= Lee Run Hu =

Singaporean writer and poet

Lee Run Hu (李润湖 (Lǐ RùnHú); 1913–1947) was a Singaporean writer and poet who was remembered for his contributions to the development of Chinese literature and literary writing in Malaya. He was a prolific writer for Chinese newspapers and other publications, championing socio-political issues, and exposing evils by mercenary businessmen and the Japanese government during the Japanese occupation of Singapore.

== Career ==
Lee was a reporter, before and after the war. He was an altruistic man who worked out of his interest in social commentary work, and wrote pro bono for local Chinese newspapers. From 1945 to his death, Lee wrote a total of 132 articles for local newspapers.

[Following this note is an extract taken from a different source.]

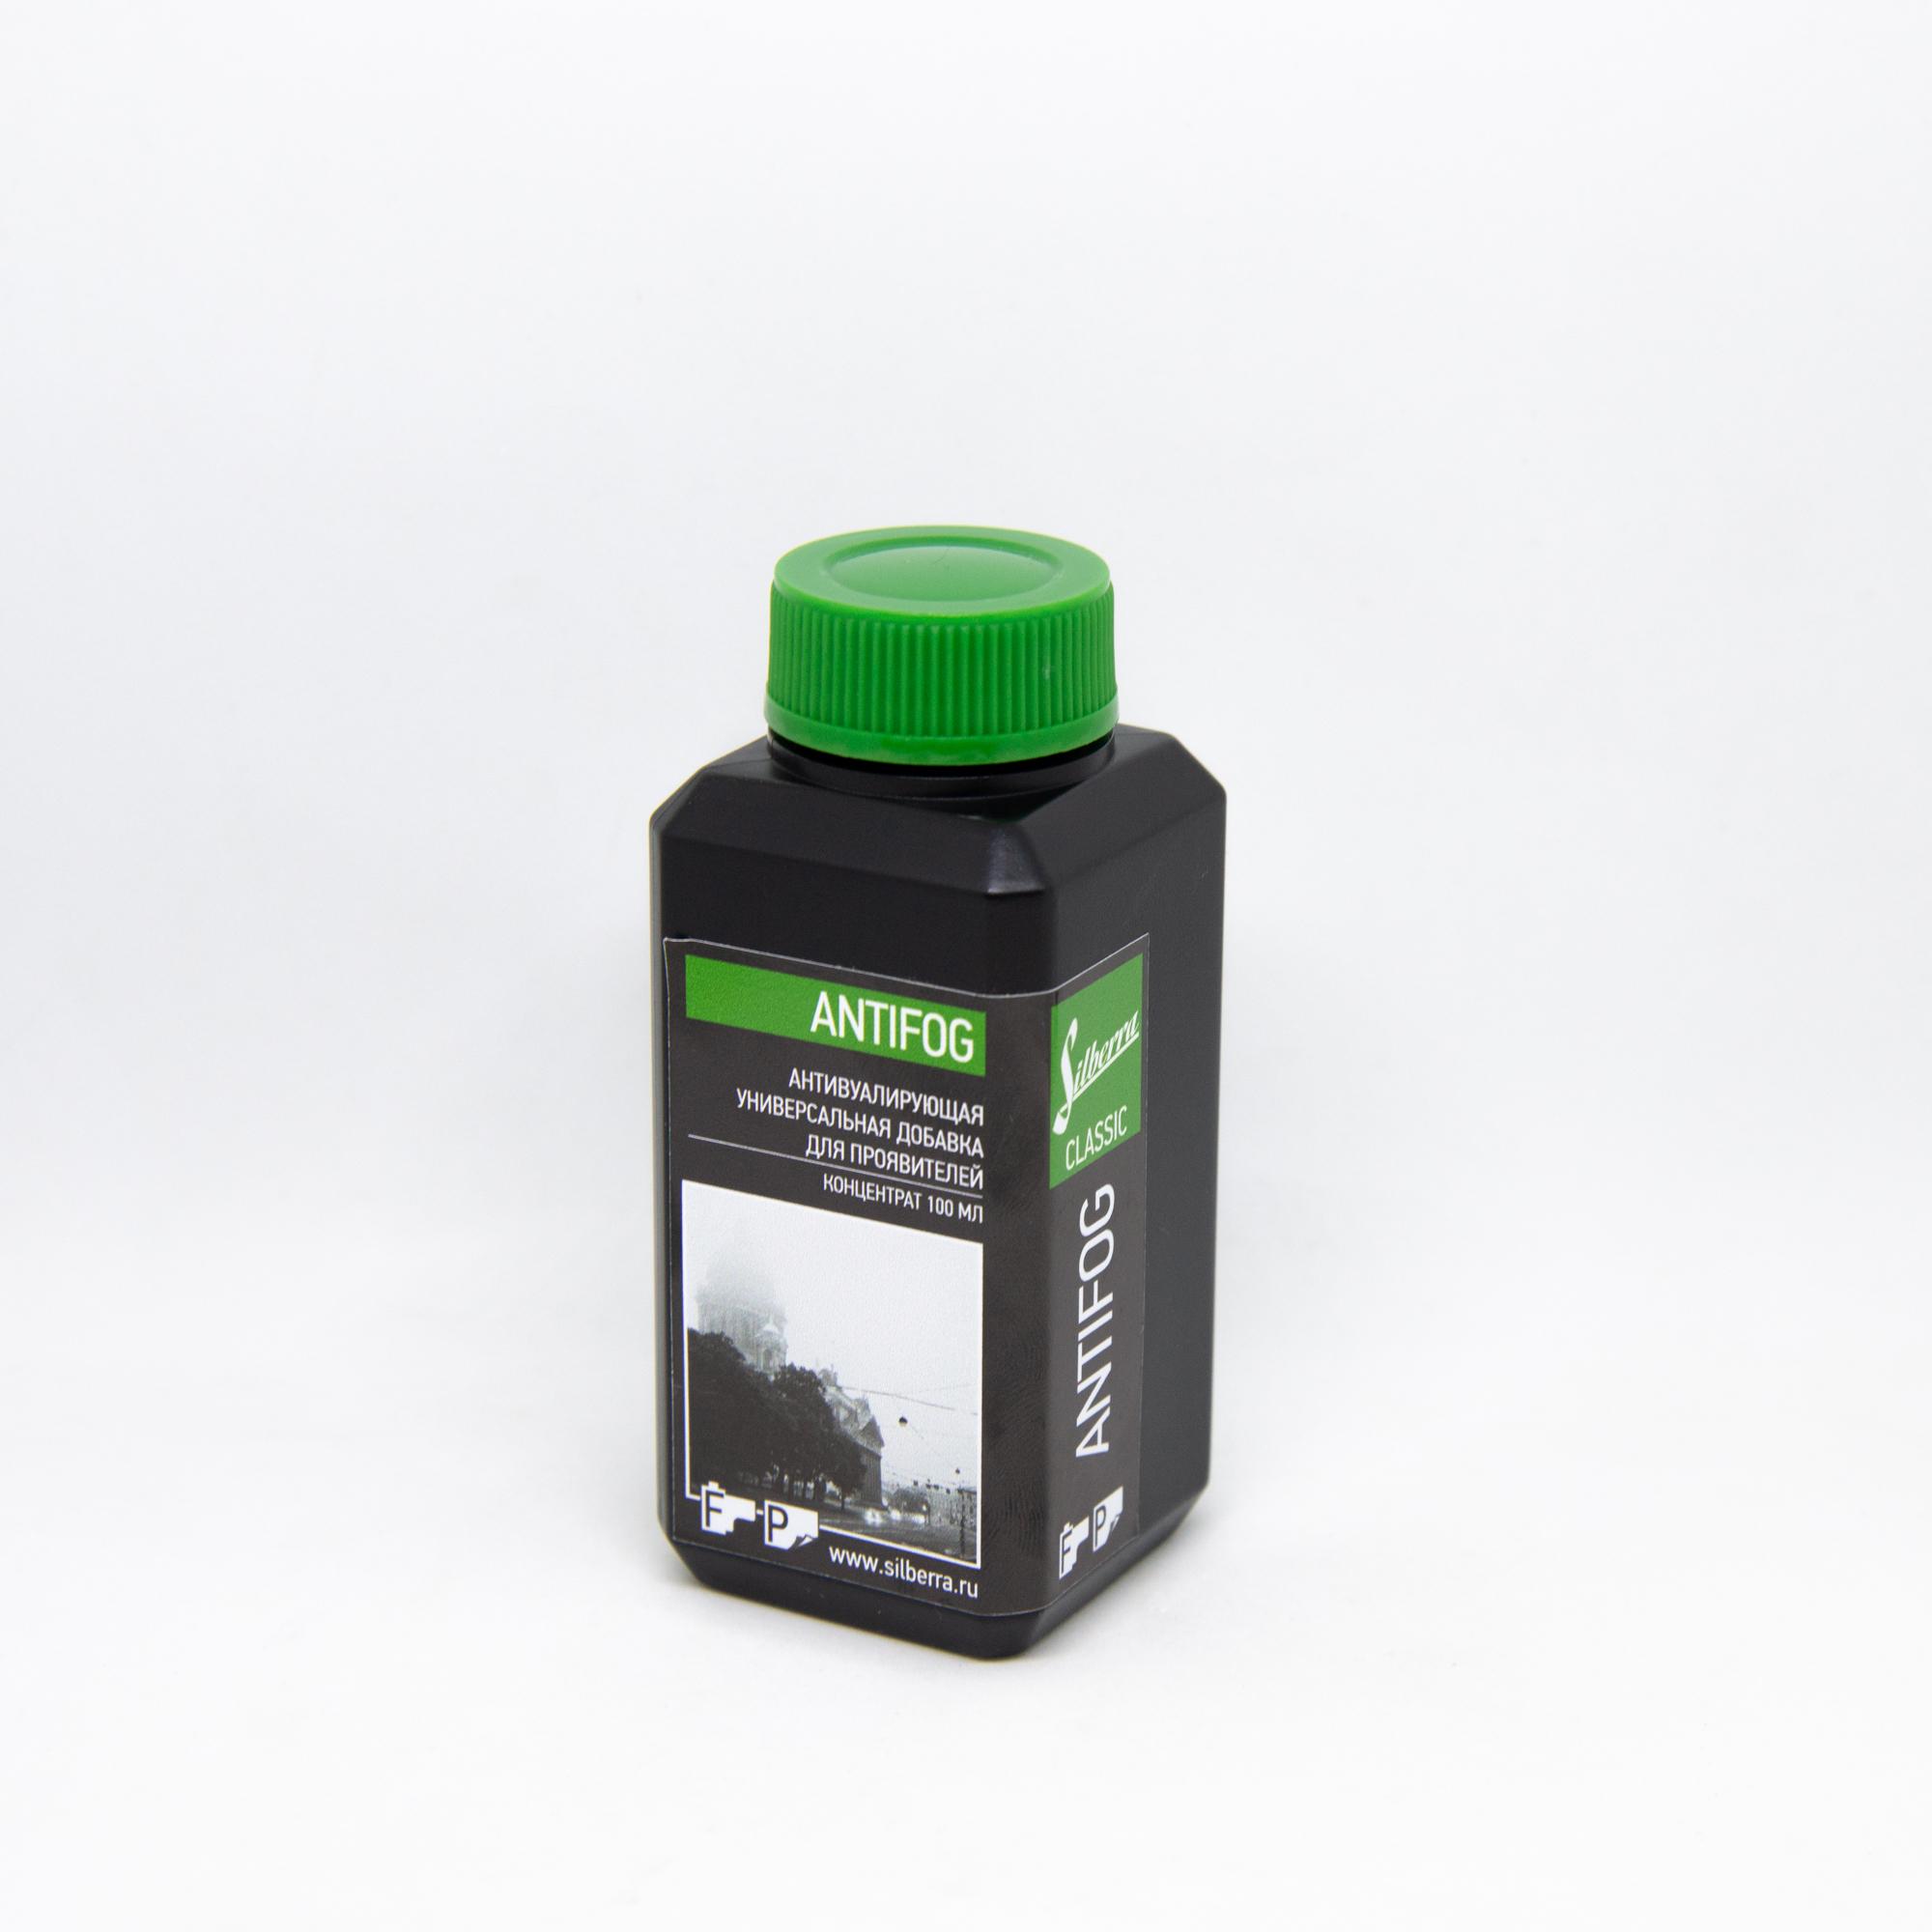 Антивуалирующая добавка Silberra Antifog, 100 мл

Through his articles Lee obtrusively voiced his opinions, and offended many important people in the Malayan society. For instance, he once wrote about wealthy people who had a penchant of "donating a dollar, and expecting 3 dollars' worth of recognition of patriotism, charity, and generosity". As a result, Lee adopted different pen-names to have his work published.

== Death ==
Lee died of illness in 1947 at the age of 34. Upon his death, the local literary circle honoured him with an elaborate funeral, and a commemorative feature in the Chinese newspapers, honoring him with the title of Singapore Cultural Warrior.

Fang left behind his wife Liu Peh Chin, son Lee Yew Keng and daughters Lee Yew Koon and Lee Yew Hu.